Former Owner Coble Expands Trench Safety Business

Dec. 1, 2003
BURLINGTON, N.C. Former rental company and dealership owner Tom Coble has returned to rentals in a big way with the expansion of Coble Trench Safety,

BURLINGTON, N.C. — Former rental company and dealership owner Tom Coble has returned to rentals in a big way with the expansion of Coble Trench Safety, an underground safety rental company. Headquartered in Burlington, N.C., Coble Trench Safety already has branches in Raleigh, Charlotte and Greensboro, servicing municipalities, general contractors and state contract holders with equipment rentals, sales, service and training. Coble plans to expand his company throughout the Southeast.

“We serve the industry by saving our clients time, money and lives through offering knowledge in addition to renting, selling and servicing trench safety equipment,” Coble said. “We're in the business of preventing accidents. Our OSHA-compliant training classes help our customers through teaching them about working safely underground.”

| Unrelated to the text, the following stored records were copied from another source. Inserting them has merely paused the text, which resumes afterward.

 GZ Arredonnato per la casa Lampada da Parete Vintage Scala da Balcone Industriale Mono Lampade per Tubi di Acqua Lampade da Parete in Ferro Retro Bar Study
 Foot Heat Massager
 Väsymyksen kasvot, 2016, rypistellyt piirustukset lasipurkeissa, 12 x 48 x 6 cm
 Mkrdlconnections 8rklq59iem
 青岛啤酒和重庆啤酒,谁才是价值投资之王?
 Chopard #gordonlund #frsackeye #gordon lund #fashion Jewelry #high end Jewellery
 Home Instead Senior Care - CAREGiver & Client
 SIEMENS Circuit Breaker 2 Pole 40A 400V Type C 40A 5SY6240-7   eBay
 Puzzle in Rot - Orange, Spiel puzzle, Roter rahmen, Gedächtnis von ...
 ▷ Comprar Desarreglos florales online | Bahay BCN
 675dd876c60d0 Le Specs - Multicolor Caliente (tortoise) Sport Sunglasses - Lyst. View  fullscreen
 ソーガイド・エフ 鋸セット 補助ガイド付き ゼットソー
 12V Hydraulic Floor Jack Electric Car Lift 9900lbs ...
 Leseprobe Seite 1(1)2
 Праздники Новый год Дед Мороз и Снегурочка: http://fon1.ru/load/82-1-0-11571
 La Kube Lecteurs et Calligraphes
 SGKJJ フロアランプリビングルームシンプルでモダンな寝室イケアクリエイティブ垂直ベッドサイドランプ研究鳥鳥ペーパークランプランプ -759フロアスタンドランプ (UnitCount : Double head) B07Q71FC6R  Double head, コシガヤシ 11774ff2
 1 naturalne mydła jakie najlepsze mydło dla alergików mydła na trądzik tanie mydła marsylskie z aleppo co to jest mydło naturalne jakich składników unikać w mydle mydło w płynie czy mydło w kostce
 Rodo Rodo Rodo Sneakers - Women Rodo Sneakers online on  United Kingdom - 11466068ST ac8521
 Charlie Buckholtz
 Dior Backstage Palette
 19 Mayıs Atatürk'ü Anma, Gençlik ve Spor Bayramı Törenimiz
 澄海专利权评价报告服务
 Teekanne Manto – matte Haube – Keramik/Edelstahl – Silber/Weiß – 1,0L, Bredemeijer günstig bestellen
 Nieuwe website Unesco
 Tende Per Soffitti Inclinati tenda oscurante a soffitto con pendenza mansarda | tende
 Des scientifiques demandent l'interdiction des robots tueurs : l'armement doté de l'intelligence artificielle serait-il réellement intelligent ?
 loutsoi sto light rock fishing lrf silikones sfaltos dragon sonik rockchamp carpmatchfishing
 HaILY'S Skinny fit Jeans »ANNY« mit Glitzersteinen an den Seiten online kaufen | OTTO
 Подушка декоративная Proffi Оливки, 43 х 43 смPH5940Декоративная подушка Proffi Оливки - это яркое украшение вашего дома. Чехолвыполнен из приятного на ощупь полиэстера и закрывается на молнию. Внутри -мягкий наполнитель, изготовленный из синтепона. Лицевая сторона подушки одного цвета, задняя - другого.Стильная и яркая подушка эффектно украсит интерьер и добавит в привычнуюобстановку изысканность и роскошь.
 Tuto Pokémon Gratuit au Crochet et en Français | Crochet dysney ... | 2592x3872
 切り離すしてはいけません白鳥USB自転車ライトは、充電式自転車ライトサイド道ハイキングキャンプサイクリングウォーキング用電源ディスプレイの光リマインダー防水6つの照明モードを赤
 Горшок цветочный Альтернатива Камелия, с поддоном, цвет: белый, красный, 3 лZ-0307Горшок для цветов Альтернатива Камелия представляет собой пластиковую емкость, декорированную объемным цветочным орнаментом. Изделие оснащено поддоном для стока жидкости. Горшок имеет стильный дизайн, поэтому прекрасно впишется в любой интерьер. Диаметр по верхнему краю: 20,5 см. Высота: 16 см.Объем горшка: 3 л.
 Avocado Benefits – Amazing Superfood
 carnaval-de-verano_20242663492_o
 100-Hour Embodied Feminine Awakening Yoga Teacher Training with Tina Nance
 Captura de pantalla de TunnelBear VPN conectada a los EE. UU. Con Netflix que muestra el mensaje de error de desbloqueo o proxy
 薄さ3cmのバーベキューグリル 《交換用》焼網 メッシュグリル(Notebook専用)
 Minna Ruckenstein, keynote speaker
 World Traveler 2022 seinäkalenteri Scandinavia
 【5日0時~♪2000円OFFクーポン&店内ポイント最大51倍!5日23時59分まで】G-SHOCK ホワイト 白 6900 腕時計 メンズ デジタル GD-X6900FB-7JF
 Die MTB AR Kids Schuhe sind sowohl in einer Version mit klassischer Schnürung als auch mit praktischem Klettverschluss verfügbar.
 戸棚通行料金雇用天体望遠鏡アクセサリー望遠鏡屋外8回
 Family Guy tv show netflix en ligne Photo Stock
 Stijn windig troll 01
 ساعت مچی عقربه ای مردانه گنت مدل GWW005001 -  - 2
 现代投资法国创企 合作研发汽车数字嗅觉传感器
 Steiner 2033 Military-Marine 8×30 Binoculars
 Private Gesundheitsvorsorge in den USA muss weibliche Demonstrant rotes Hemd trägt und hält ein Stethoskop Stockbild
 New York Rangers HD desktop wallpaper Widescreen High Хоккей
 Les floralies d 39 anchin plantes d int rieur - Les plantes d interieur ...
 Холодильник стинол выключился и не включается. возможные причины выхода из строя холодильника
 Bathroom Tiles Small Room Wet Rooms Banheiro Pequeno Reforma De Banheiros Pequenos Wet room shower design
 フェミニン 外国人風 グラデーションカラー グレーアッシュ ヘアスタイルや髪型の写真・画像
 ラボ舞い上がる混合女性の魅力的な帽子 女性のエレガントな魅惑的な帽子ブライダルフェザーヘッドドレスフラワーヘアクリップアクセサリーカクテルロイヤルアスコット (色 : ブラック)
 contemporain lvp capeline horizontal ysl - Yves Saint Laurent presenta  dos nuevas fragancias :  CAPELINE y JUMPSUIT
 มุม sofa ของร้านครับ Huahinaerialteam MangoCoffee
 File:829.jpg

Coble, who sold his Greensboro, N.C.-based Coble Cranes & Equipment/Coble Rents to United Rentals in the summer of 1999, began noticing headlines nationwide dealing with trench excavation cave-in accidents.

“I couldn't believe the number of job-site fatalities due to trench cave-ins,” Coble said. “It became obvious to me that while there were plenty of suppliers and dealers, the industry really lacked genuine trench safety specialists who were ‘in the trenches,’ helping their customers understand what it means to work underground safely.”

Coble Trench Safety is offering monthly training sessions in English and Spanish, designed to help keep job foremen and trench entrants up to speed on regulations and technologies relating to trench safety.

Coble points out that underground safety precautions are required by OSHA for job sites that deal with laying pipe, pulling cable, sewer work and any form of underground activity. Worksites that lack proper precautions are subject to significant fines and a trench-related fatality can delay a job for up to six months and cost more than $1 million.

The company, which has more than 20 employees, rents aluminum trench shields, bedding boxes, double-wall shields, excavation braces, hydraulic accessories, manguards, manhole shields, mega shores, modular aluminum panel shields, shoring shields, slide rail systems, trench rescue systems, vertical shores, waler systems and more.